1. Setting Up Batch Jobs

Spring Boot provides the @Scheduled annotation for periodic jobs.
Example for running a cleanup job daily:
@Component
public class CleanupJob {
    
    @Autowired
    private JdbcTemplate jdbcTemplate;

    @Scheduled(cron = "0 0 2 * * *")
    public void cleanupOldData() {
        String sql = "DELETE FROM logs WHERE created_at < CURRENT_DATE - 30";
        jdbcTemplate.update(sql);
        System.out.println("Old data cleaned up successfully");
    }
}
This job runs every day at 2 AM and deletes logs older than 30 days.

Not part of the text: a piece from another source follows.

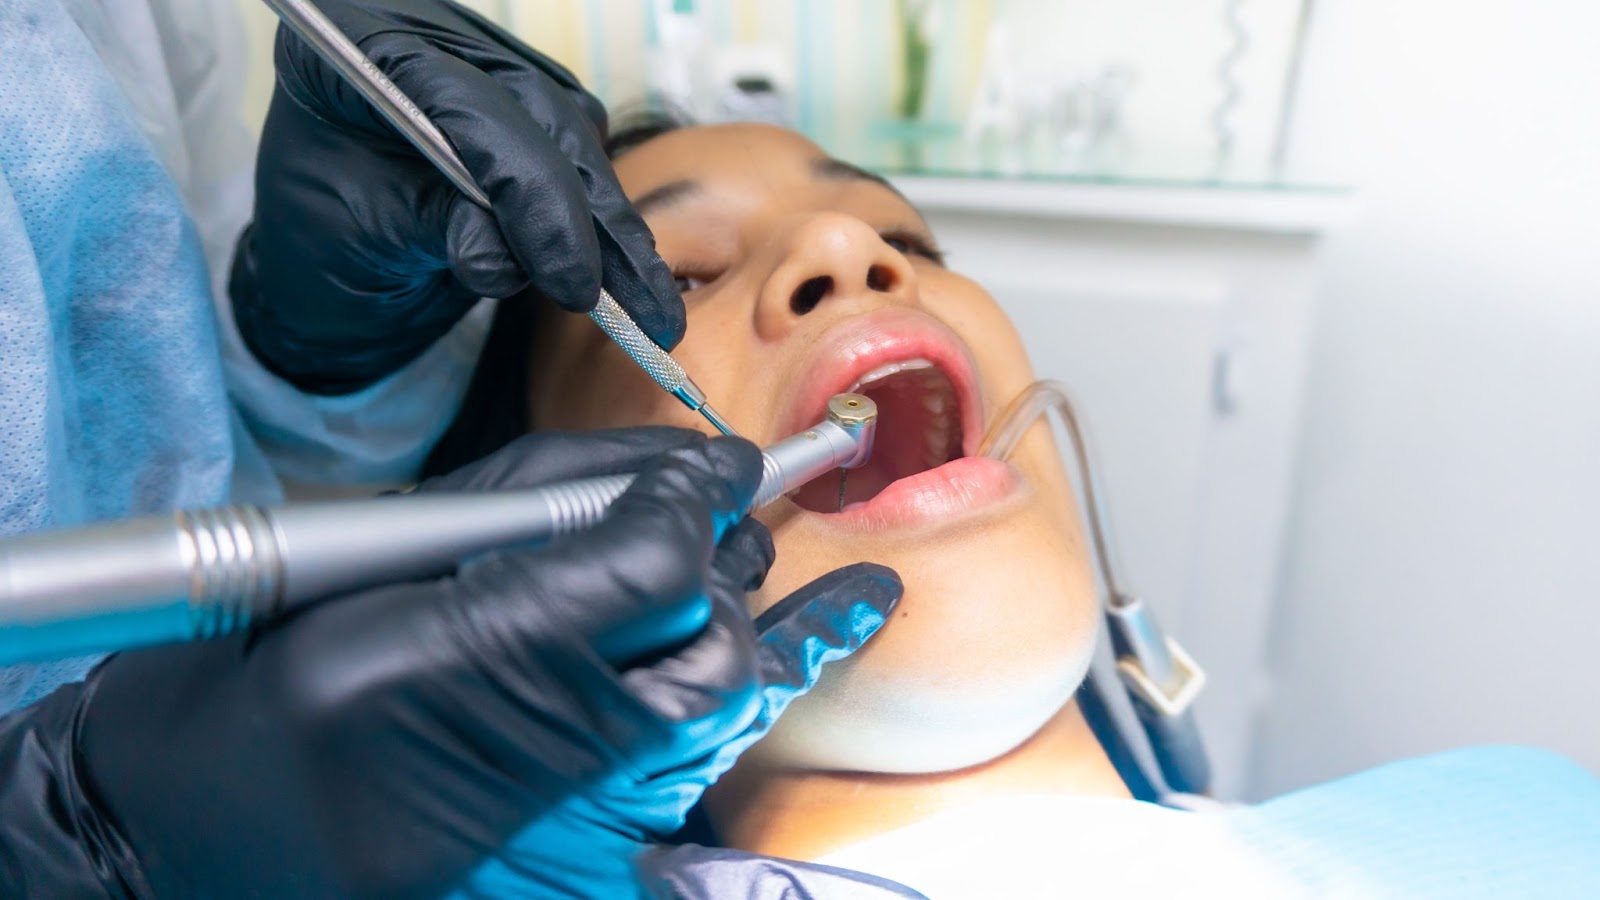 a close up of a patient receiving dental work, and a hygienist cleaning her teeth with dental instruments

2. Batch Insert and Update with JdbcTemplate

Batch operations minimize round-trips to the Firebird server, improving performance.
jdbcTemplate.batchUpdate(
    "INSERT INTO employee (name, dept_id) VALUES (?, ?)",
    new BatchPreparedStatementSetter() {
        public void setValues(PreparedStatement ps, int i) throws SQLException {
            ps.setString(1, employees.get(i).getName());
            ps.setInt(2, employees.get(i).getDeptId());
        }
        public int getBatchSize() {
            return employees.size();
        }
    });
This approach is ideal for importing large CSV files or syncing data.

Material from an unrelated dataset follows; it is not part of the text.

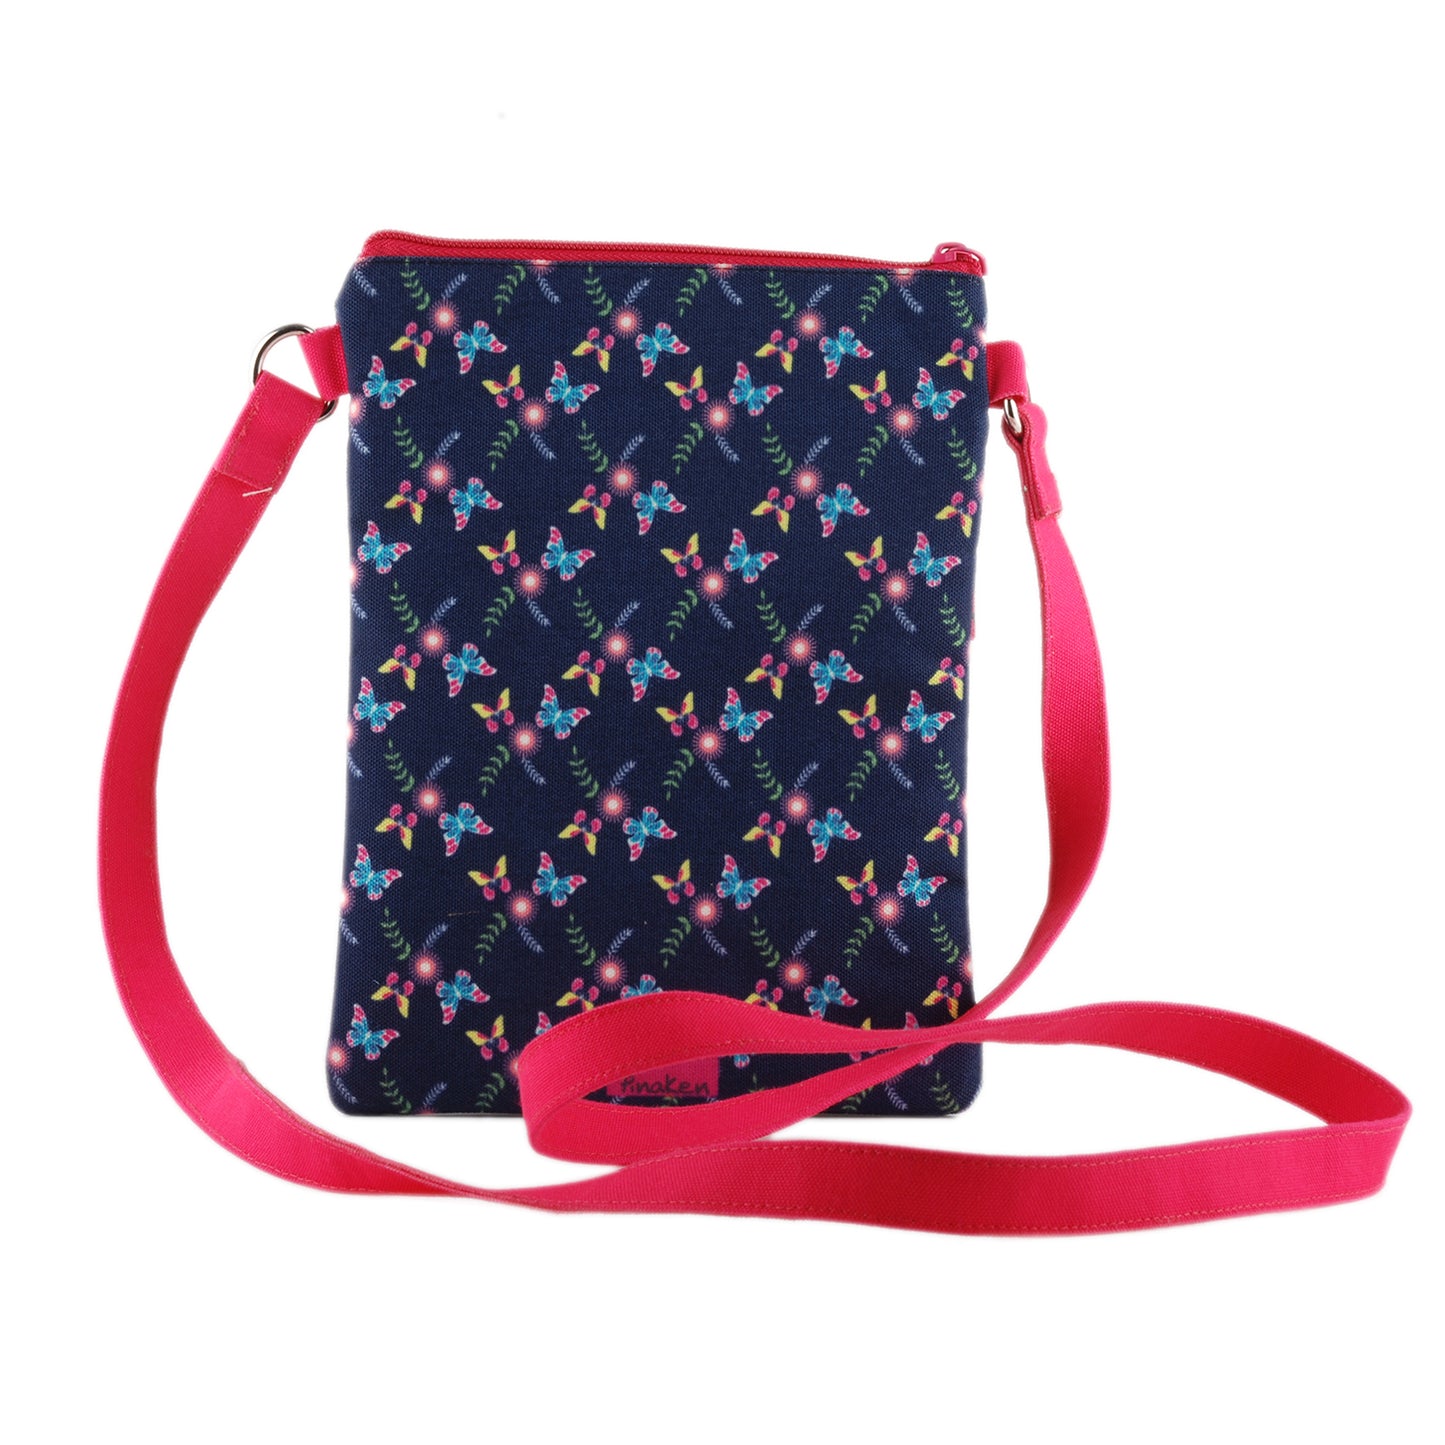 Butterfly Bloom Small Sling Bag

3. Using Spring Batch for Complex Workflows

For more control over batch steps and error handling, use Spring Batch.
Add dependency in your pom.xml:
<dependency>
    <groupId>org.springframework.boot</groupId>
    <artifactId>spring-boot-starter-batch</artifactId>
</dependency>
Example job definition:
@Bean
public Job importJob(JobBuilderFactory jobs, StepBuilderFactory steps, Step step) {
    return jobs.get("importJob")
               .incrementer(new RunIdIncrementer())
               .flow(step)
               .end()
               .build();
}
Each Step can process data in chunks, reducing memory load while maintaining transactional integrity.

4. Scheduling Batch Jobs

You can combine Spring Batch with Spring Scheduler:
@EnableScheduling
@SpringBootApplication
public class AppScheduler {}
Then trigger batch jobs periodically:
@Scheduled(fixedRate = 600000)
public void runBatch() throws Exception {
    jobLauncher.run(job, new JobParameters());
}
This executes the batch job every 10 minutes automatically.

5. Monitoring and Logging

Track job execution using Spring Batch tables such as BATCH_JOB_EXECUTION and BATCH_STEP_EXECUTION.
Enable job logging for easier debugging:
spring.batch.job.enabled=true
logging.level.org.springframework.batch=DEBUG
Logs help identify failed steps and track job performance over time.

6. Handling Failures Gracefully

When a step fails, configure retries or skips:
.step("processStep")
.faultTolerant()
.retryLimit(3)
.skip(Exception.class)
.skipLimit(10)
This ensures your job continues running even if a few records fail, maintaining overall data consistency.